• [About this exercise]
Print the line containing "Hidesign Charles Leather", then every line after it through the end of the material, exactly as written and without pictures.

• [Given data]
-------------------------
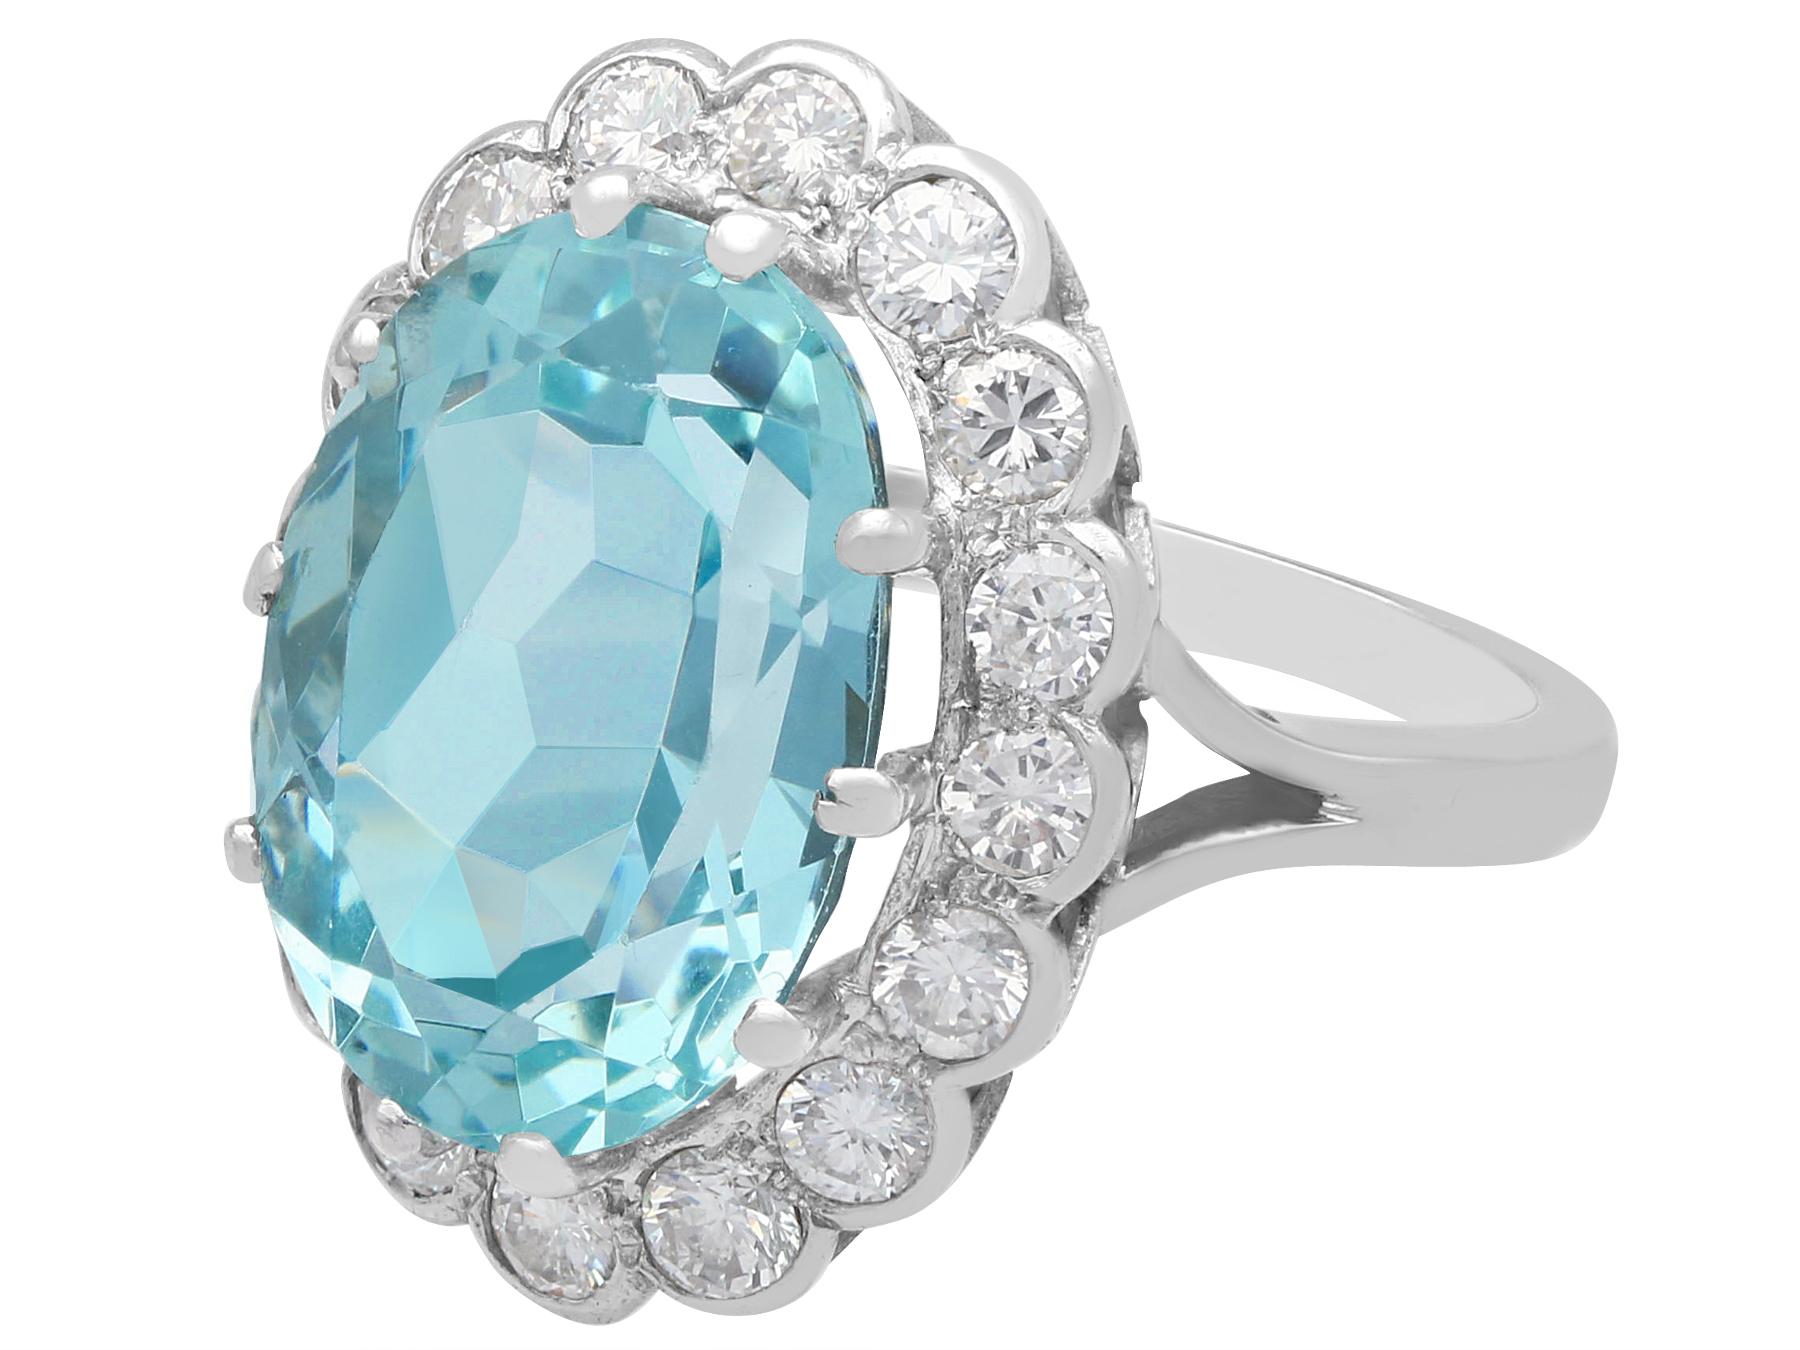 Oval Cut 7.65 Carat Aquamarine and 1.02 Carat Diamond White Gold Cocktail Ring For Sale
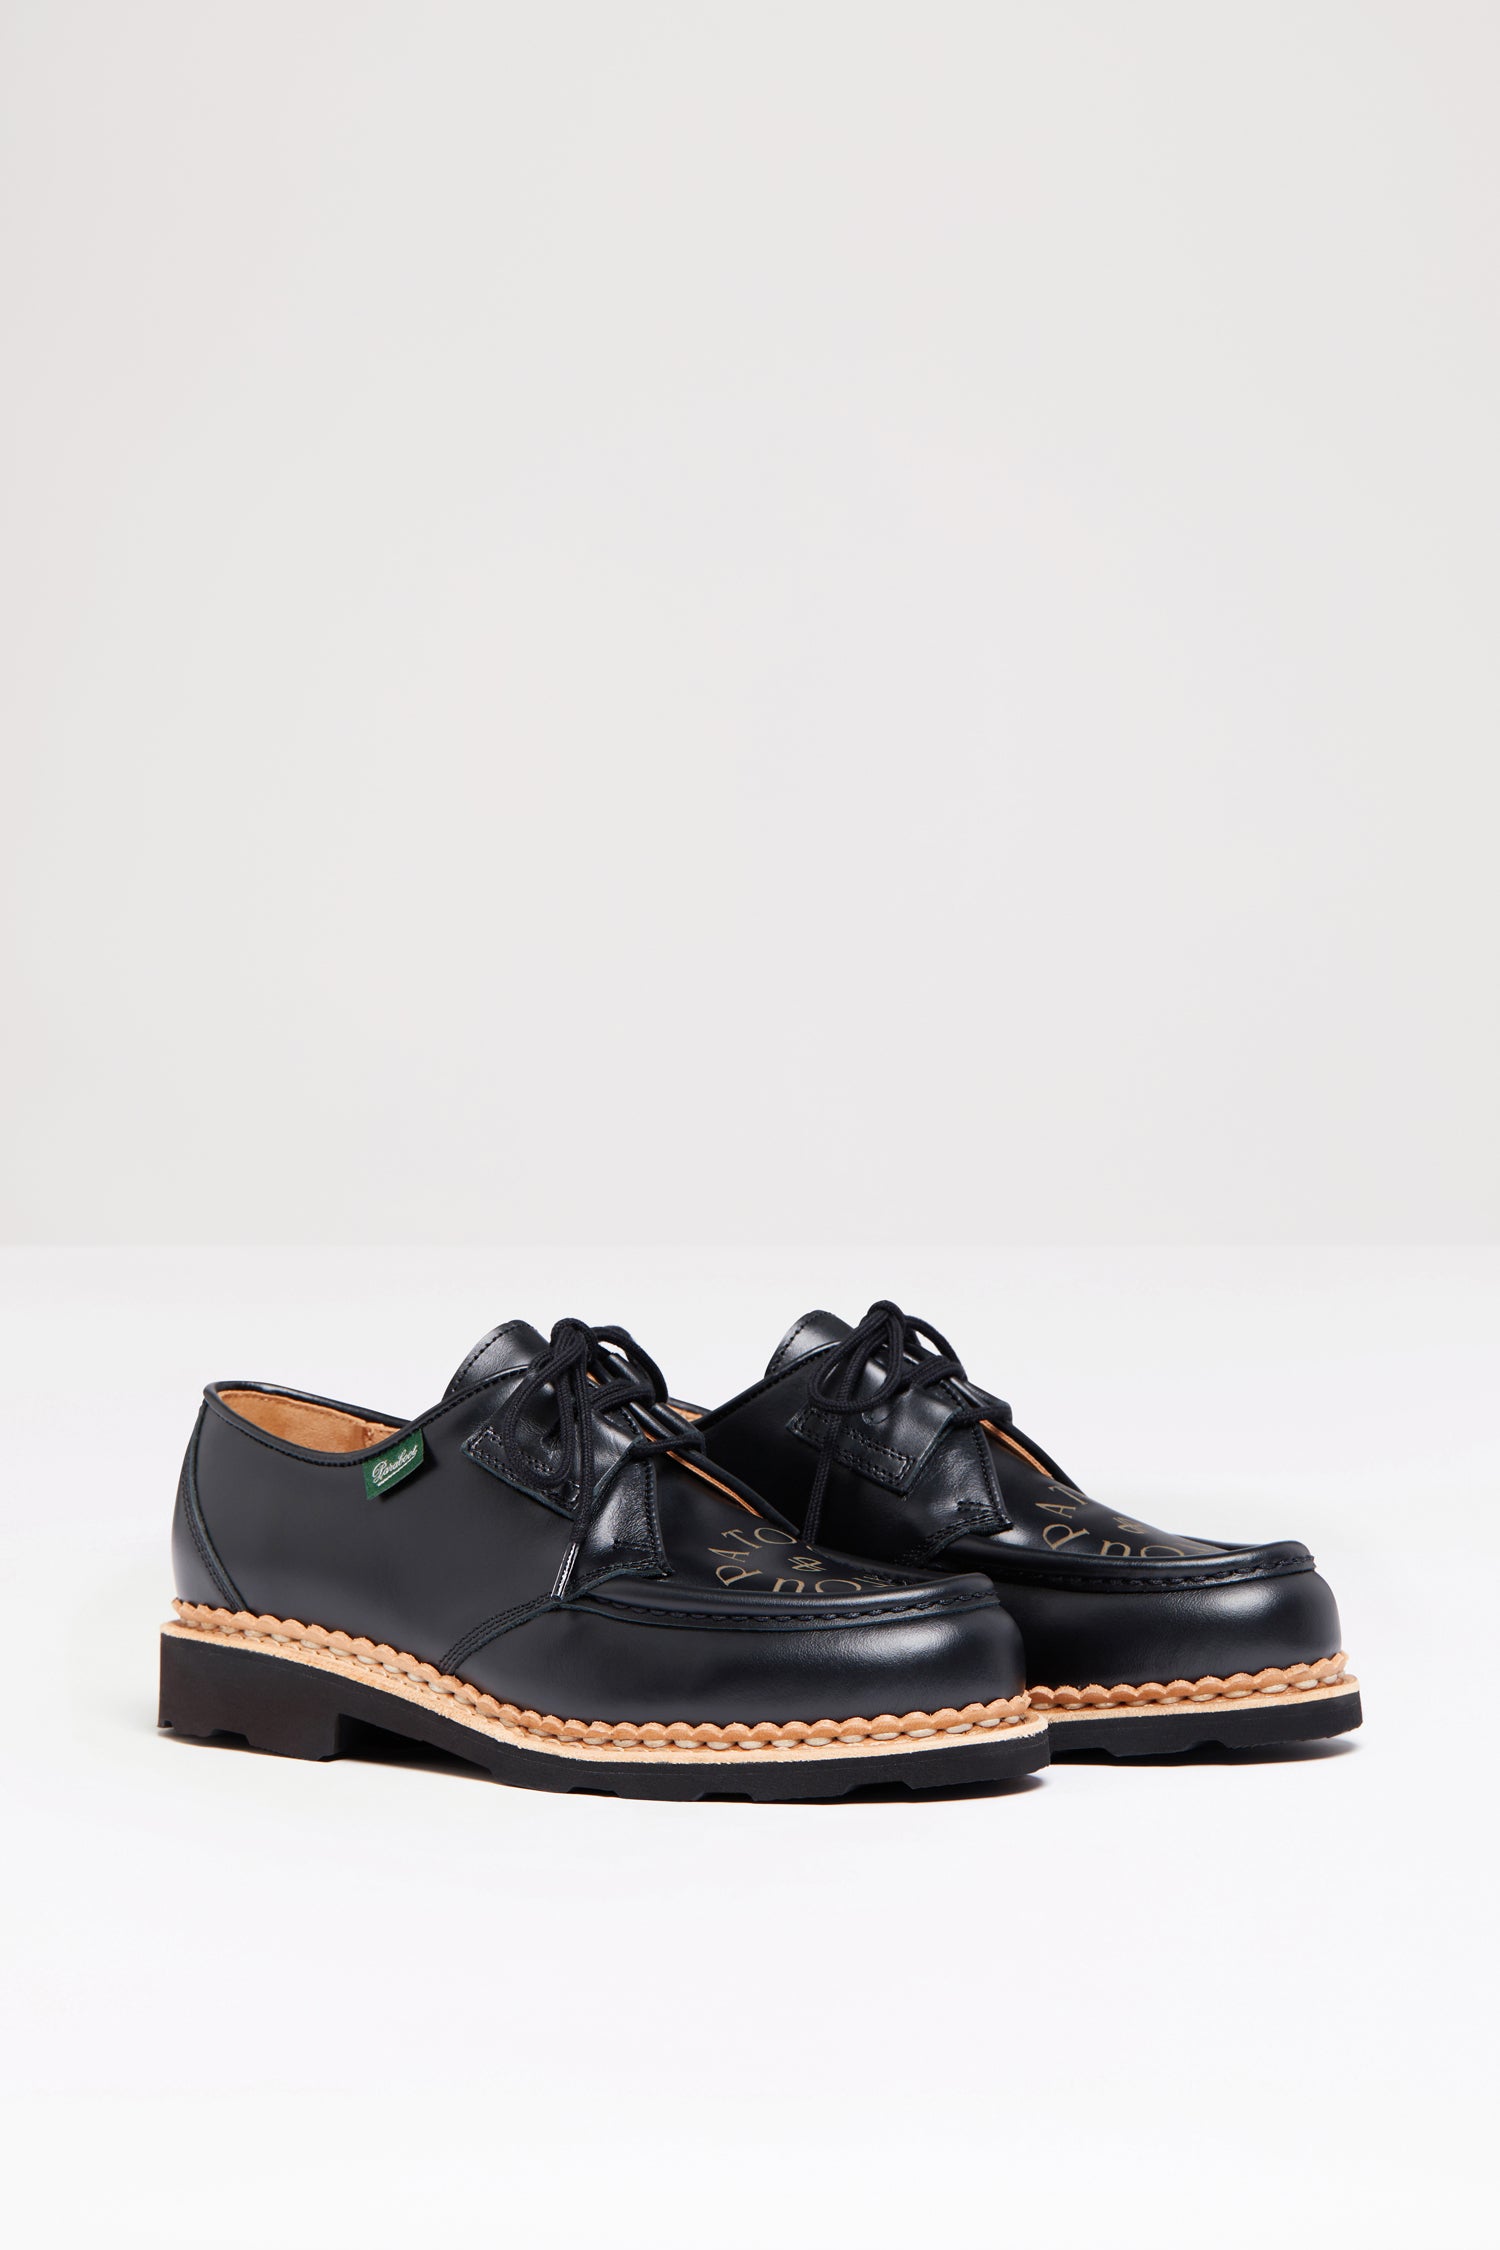 Patou | PATOU x Paraboot lace-ups in leather
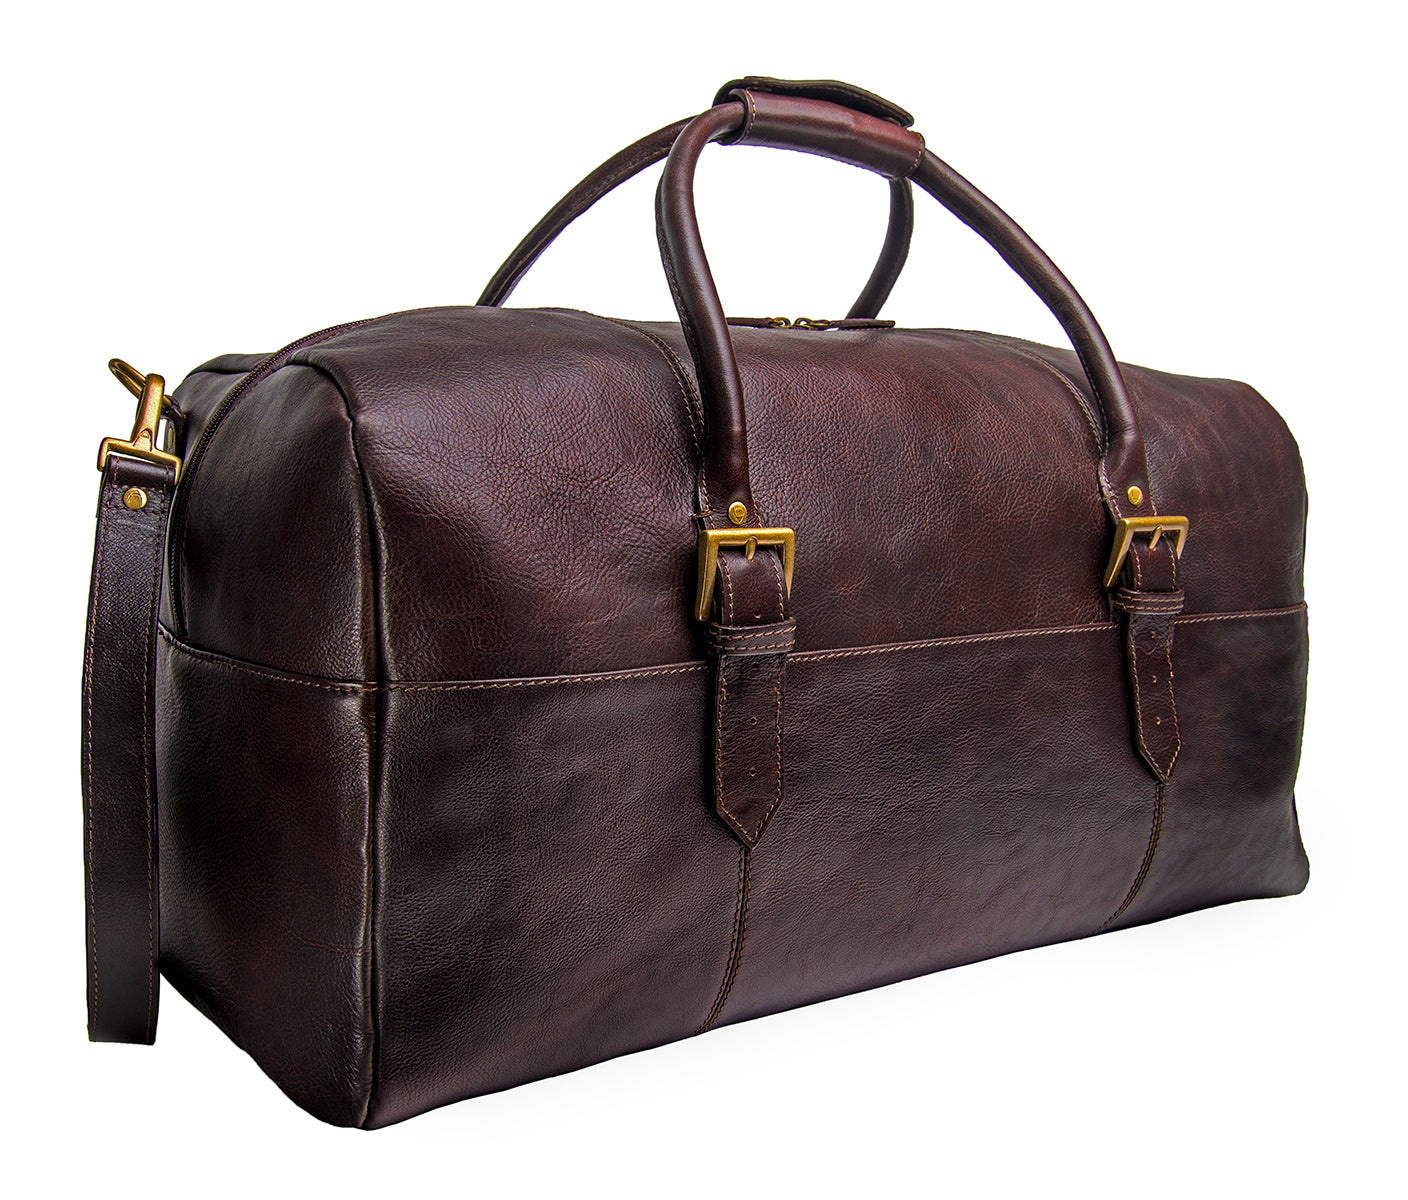 Hidesign Charles Leather Cabin Travel Duffle Weekend Bag for Men ...
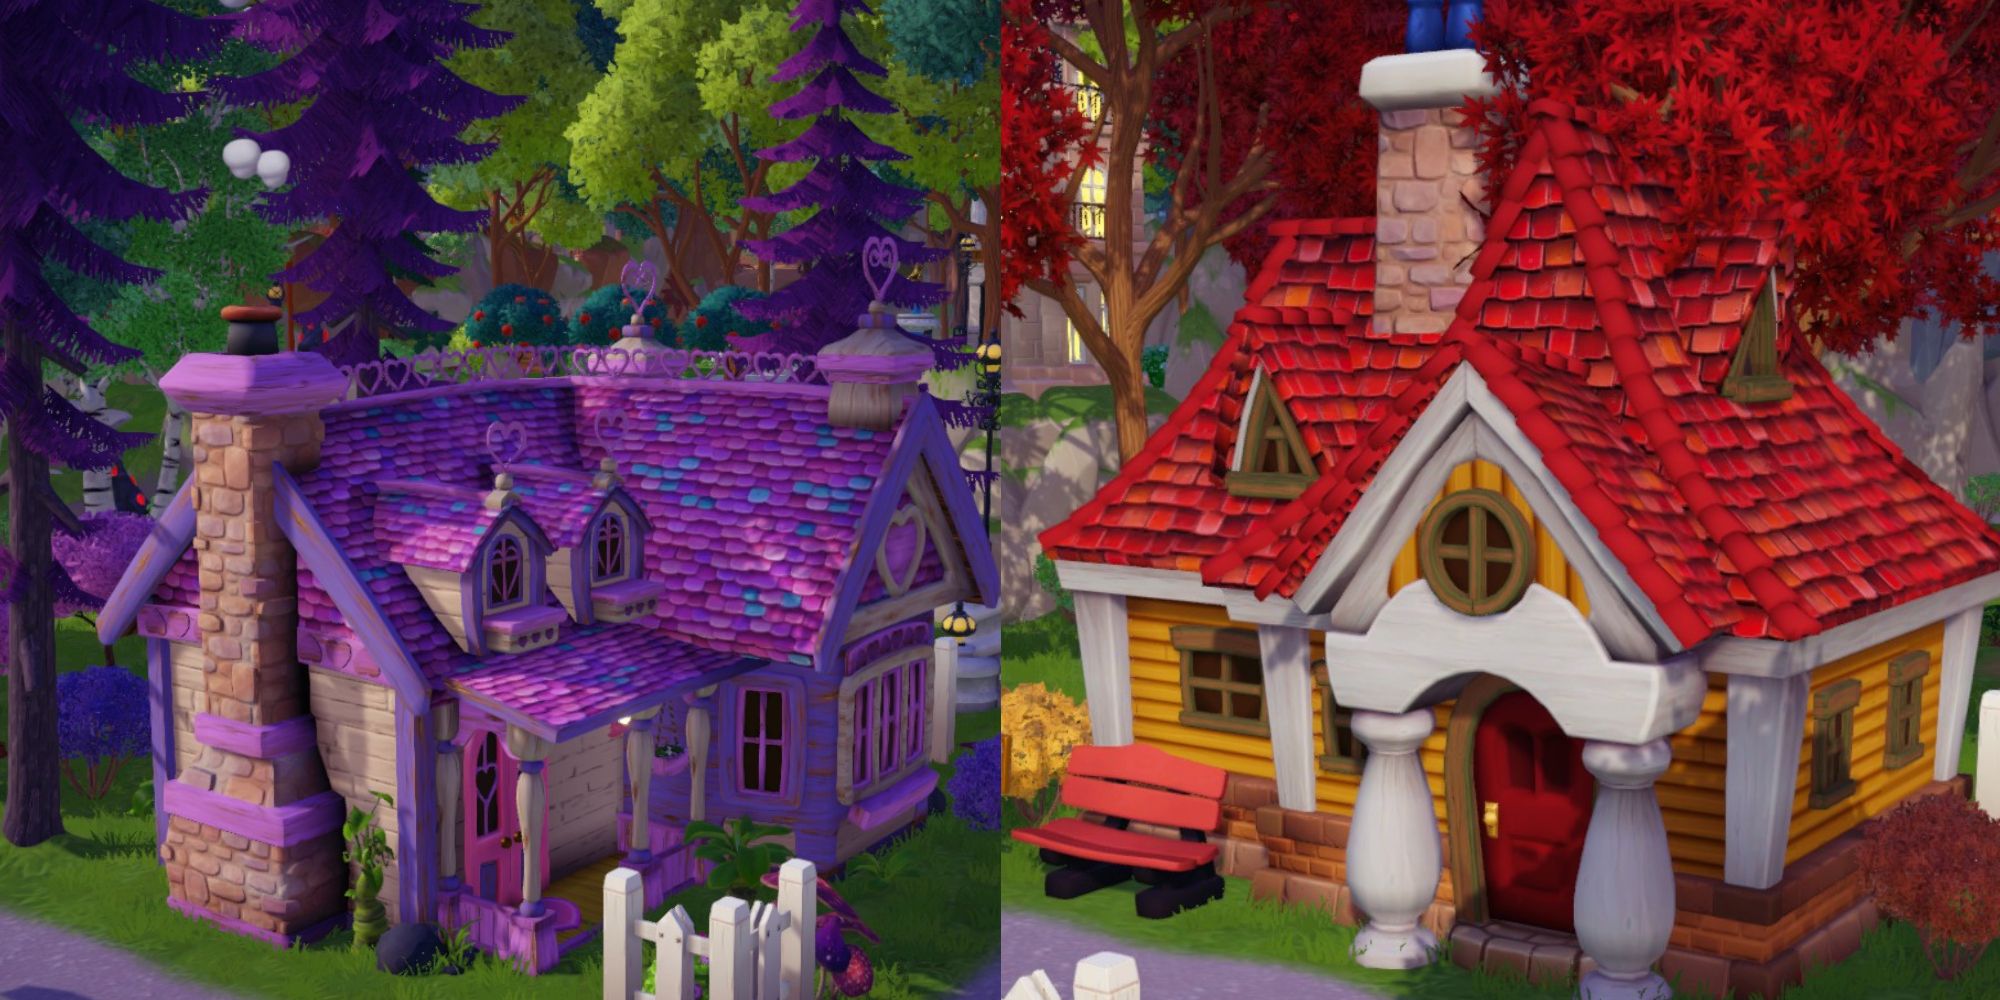  minnie mouse's house and mickey mouse's house color coated
-------------------------
• [Answer for the task]
 Hidesign Charles Leather Cabin Travel Duffle Weekend Bag for Men ...
  minnie mouse's house and mickey mouse's house color coated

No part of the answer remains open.